From 27c34b8a9d92d532aa32b9faacf7ac5ae435b3d5 Mon Sep 17 00:00:00 2001
From: Rachneet <rachneetsachdeva@yahoo.com>
Date: Thu, 9 Jan 2025 11:30:27 +0100
Subject: [PATCH] chore: update README

---
 README.md | 14 +++++++-------
 1 file changed, 7 insertions(+), 7 deletions(-)
diff --git a/README.md b/README.md
index b57845d..f554af9 100644
--- a/README.md
+++ b/README.md
@@ -18,13 +18,13 @@ We provide the code for the following tasks:
 
 
 > **Abstract:**
-> Despite significant efforts to align large language models with human values and ethical guidelines, these models remain susceptible to sophisticated jailbreak attacks that exploit their reasoning capabilities.

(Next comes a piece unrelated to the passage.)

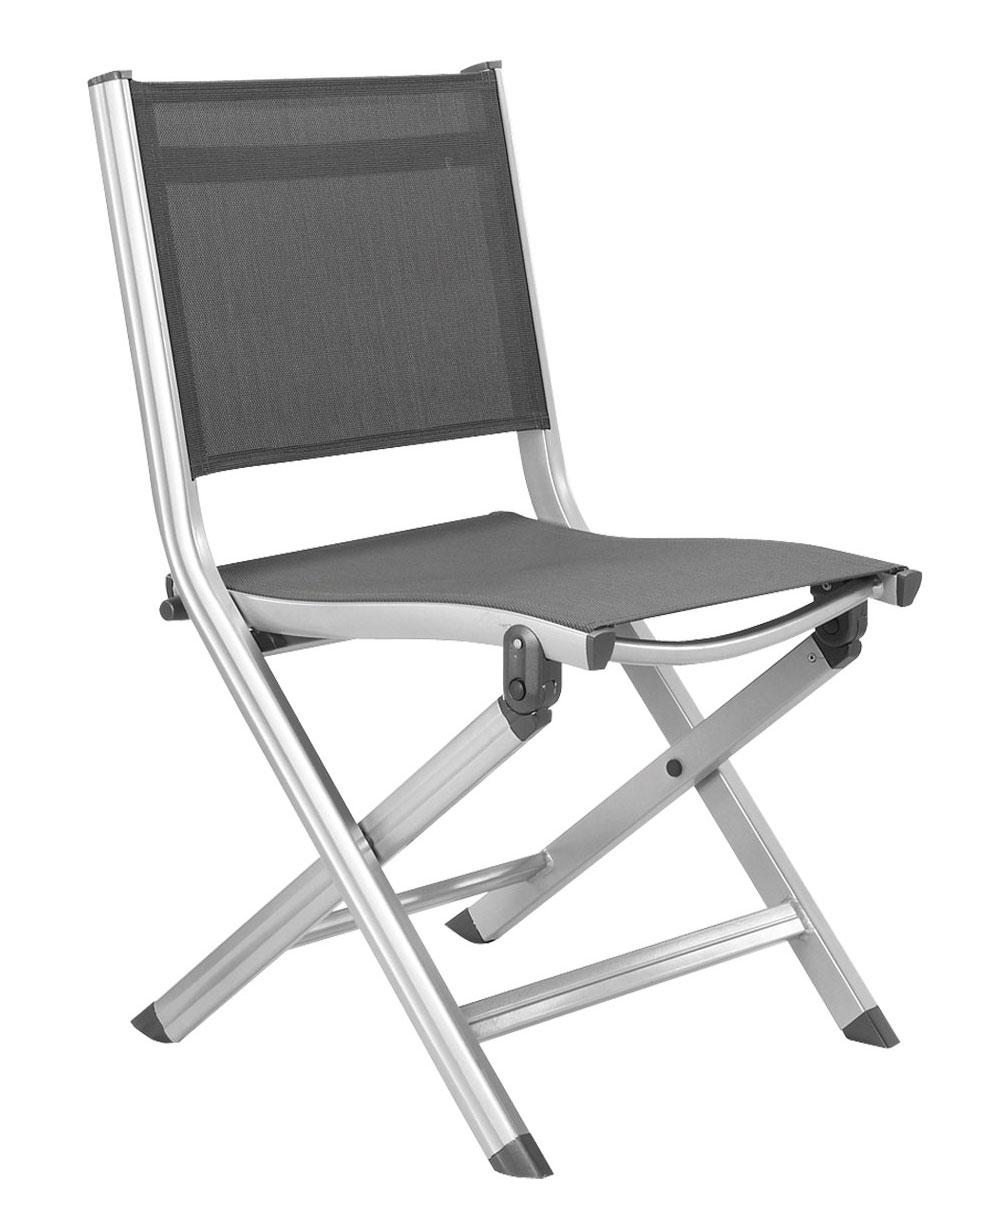 Gartenstühle klappbar  KETTLER Gartenstuhl Basic Plus 0301218-000 klappbar silber/anthr ...

-> Traditional safety mechanisms often focus on detecting explicit malicious intent, leaving deeper vulnerabilities unaddressed.
-> We propose a jailbreak technique, POATE (Polar Opposite query generation, Adversarial Template construction and Elaboration), which leverages contrastive reasoning to elicit unethical responses.
-> POATE generates prompts with semantically opposite intents and combines them with adversarial templates to subtly direct models toward producing harmful outputs.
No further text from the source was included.